Monday, November 12, 2007

Impagliazzo Hard-Core Sets via "Finitary Ergodic-Theory"

In the Impagliazzo hard-core set theorem we are a given a function $g:\{ 0, 1 \}^n \rightarrow \{ 0,1\}$ such that every algorithm in a certain class makes errors at least a $\delta$ fraction of the times when given a random input. We think of $\delta$ as small, and so of $g$ as exhibiting a weak form of average-case complexity. We want to find a large set $H\subseteq \{ 0,1 \}^n$ such that $g$ is average-case hard in a stronger sense when restricted to $H$. This stronger form of average-case complexity will be that no efficient algorithm can make noticeably fewer errors while computing $g$ on $H$ than a trivial algorithm that always outputs the same value regardless of the input. The formal statement of what we are trying to do (see also the discussion in this previous post) is:


Impagliazzo Hard-Core Set Theorem, "Constructive Version"
Let $g:\{0,1\}^n \rightarrow \{0,1\}$ be a boolean function, $s$ be a size parameter, $\epsilon,\delta>0$ be given. Then there is a size parameter $s' = poly(1/\epsilon,1/\delta) \cdot s + exp(poly(1/\epsilon,1/\delta))$ such that the following happens.
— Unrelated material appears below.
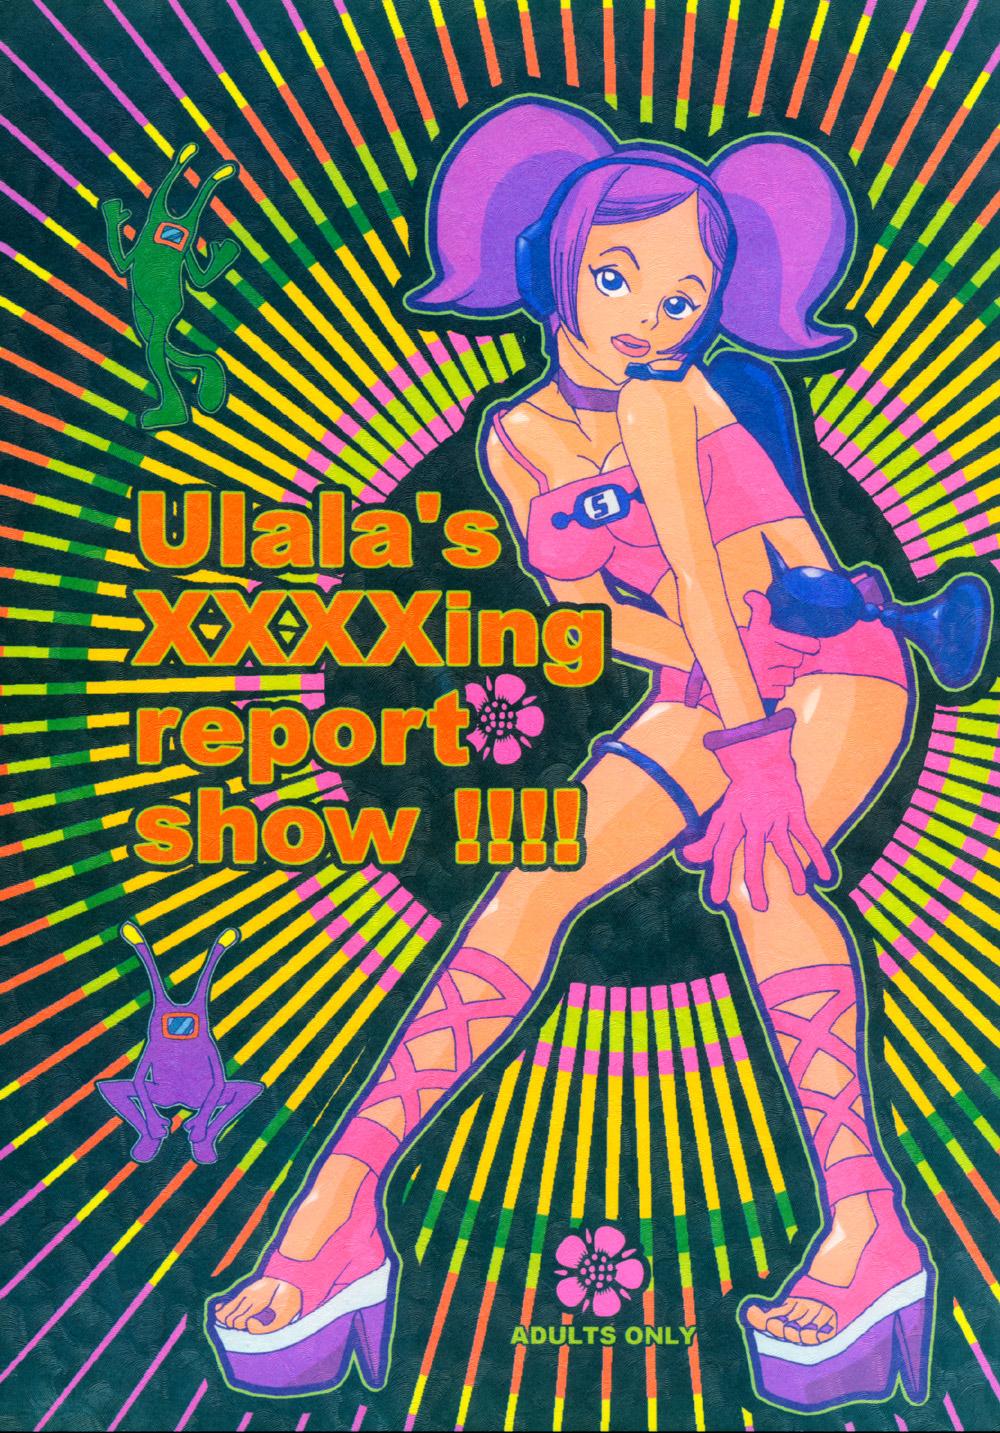 Ulala's XXXXing Report Show!!!! 0
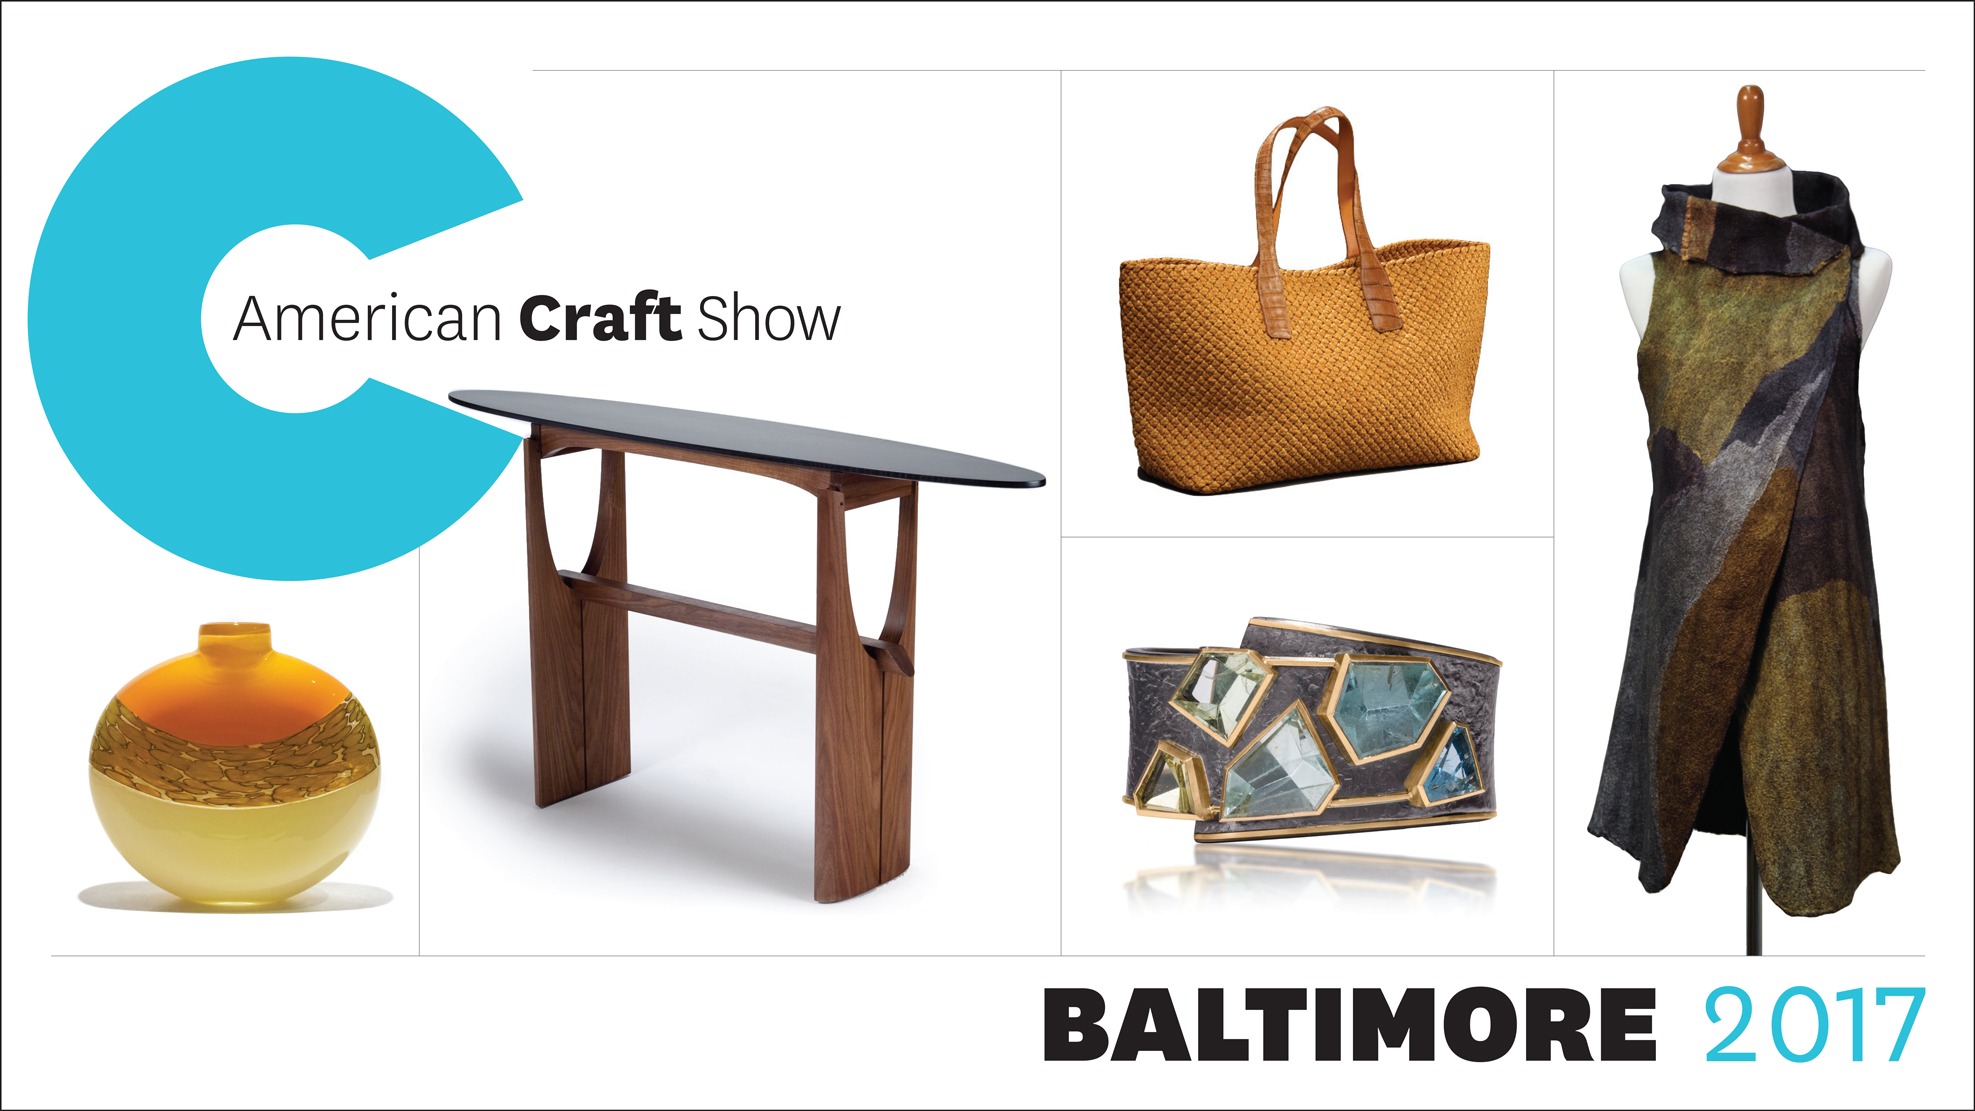 American Craft Show, Baltimore 2017 American Craft Council

Suppose that for every function $f:\{0,1\}^n \rightarrow \{0,1\}$ computable by a circuit of size $s'$ we have

$Pr_{x \in \{0,1\}^n} [ f(x) = g(x) ] \leq 1-\delta$

Then there is a set $H$ such that: (i) $H$ is recognizable by circuits of size $\leq s'$; (ii) $|H| \geq \delta 2^n$, and in fact the number of $x$ in $H$ such that $g(x)=0$ is at least $\frac 12 \delta 2^n$, and so is the number of $x$ in $H$ such that $g(x)=1$; and (iii) for every $f$ computable by a circuit of size $\leq s$,

$Pr_{x\in H} [ g(x) = f(x) ] \leq max \{ Pr_{x\in H}[ g(x) = 0] , Pr_{x\in H} [g(x)=1] \} + \epsilon$



Our approach will be to look for a "regular partition" of $\{0,1\}^n$. We shall construct a partition $P= (B_1,\ldots,B_m)$ of $\{0,1\}^n$ such that: (i) given $x$, we can efficiently compute what is the block $B_i$ that $x$ belongs to; (ii) the number $m$ of blocks does not depend on $n$; (iii) $g$ restricted to most blocks $B_i$ behaves like a random function of the same density. (By "density" of a function we mean the fraction of inputs on which the function evaluates to one.)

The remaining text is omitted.